Now, about the SIL, try to put yourself in her shoes a little more... with all of that time to be alone it usually instills a tonne of self doubt and it can ruin any self-confidence a person might have had to begin with. Her saying that you might not like her is more a reflection of the plight she is facing rather than anything with respect to you.
It is up to her to try to get out of the condo and meet people, to advance her position. Your BIL should also be more helpful. You have no personal responsibility to help her, however, a small amount of your effort and time could mean a world of difference for her. If you could manage to call her once or twice a week, just for a small chat, have pre-planned topics ready... this interaction will really help her and cost you next to nothing.
Phil's comment is solid. I'd add:
Forget about her. Don't waste your energy. She isn't your responsibility. She can think whatever she wants to about you (you have little control over what anybody thinks about you anyway), and you don't have to let it affect you... you don't have to acknowledge it... you don't have to defend yourself against it.
That being said, Phil has a good point about the position you are in to help her. A 20-minute phone call on the weekends could go a long way... just be careful about feeling "obligated" because you are under no obligation. If SIL doesn't appreciate the calls or if she gets all clingy on you, cut her off.
Yesh, two very good pieces of advice above... I'll also add that some people base judgments on things that don't exist - actually, most people do. Either preconceived notions, or prejudices, or whatever. You can't let other people's opinions of you affect you... I know feelings are hard to control, but the next time you feel rage, remember that you know who YOU are, and that's all that matters, in the end. If anything, she seems like someone to pity, not be enraged at.
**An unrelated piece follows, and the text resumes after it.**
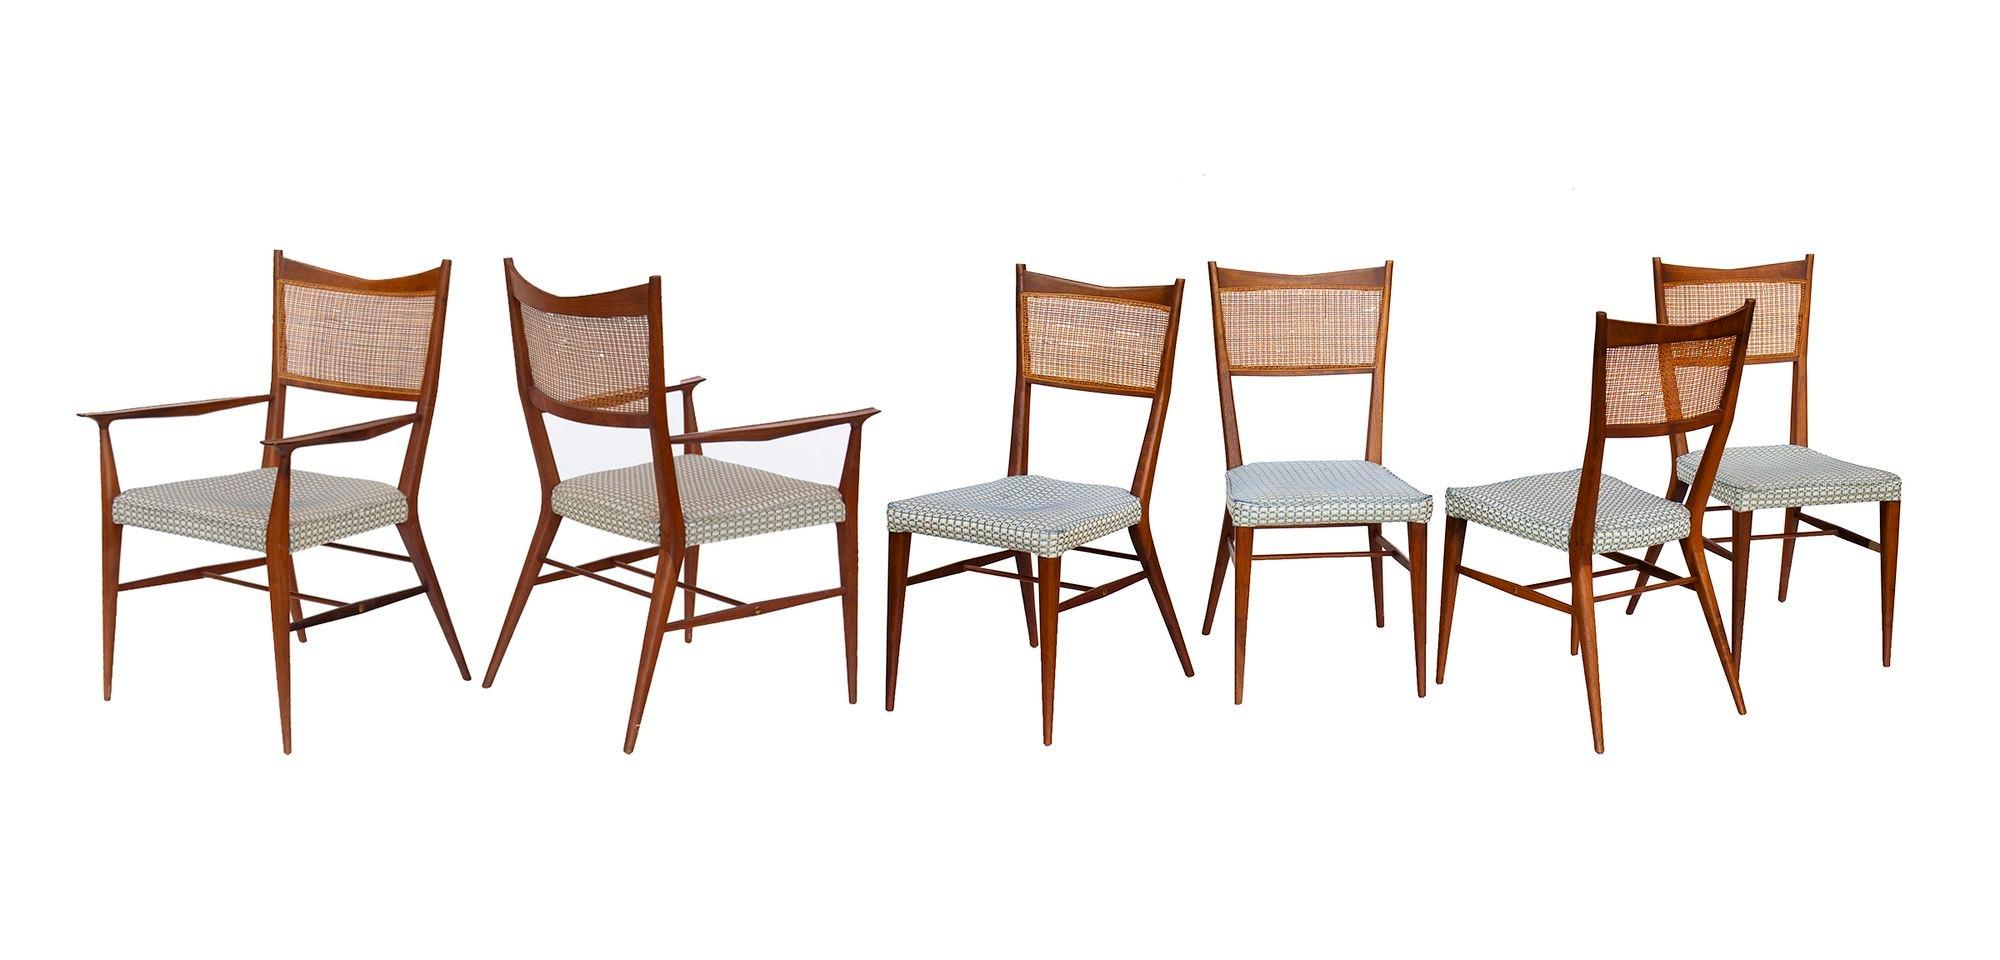 USA, 1950er Jahre
Satz Paul McCobb für Calvin Esszimmerstühle aus Nussbaumholz mit Rückenlehnen aus Caned. Das Set besteht aus zwei Sesseln und vier Beistellstühlen, alle mit ihren originalen Stoffsitzen aus blauem Tweed. Elegante, luftige,

I also agree that a small token of friendship once in awhile can go a long way... and understanding, on both sides, will only come with that initial step.
I have nothing to add, because I think you're justified in your feelings, and the advice you've gotten thus far is definitely right on target.
Mainly, I just wanted to let you know that I LOVE LB's new pictures. :)
I agree with Phil, you're under no obligation to befriend her. she can just as easily pick up the phone and call you, if that's what she wants. in friendships, someone is always the caller and the callee.
let her make that call.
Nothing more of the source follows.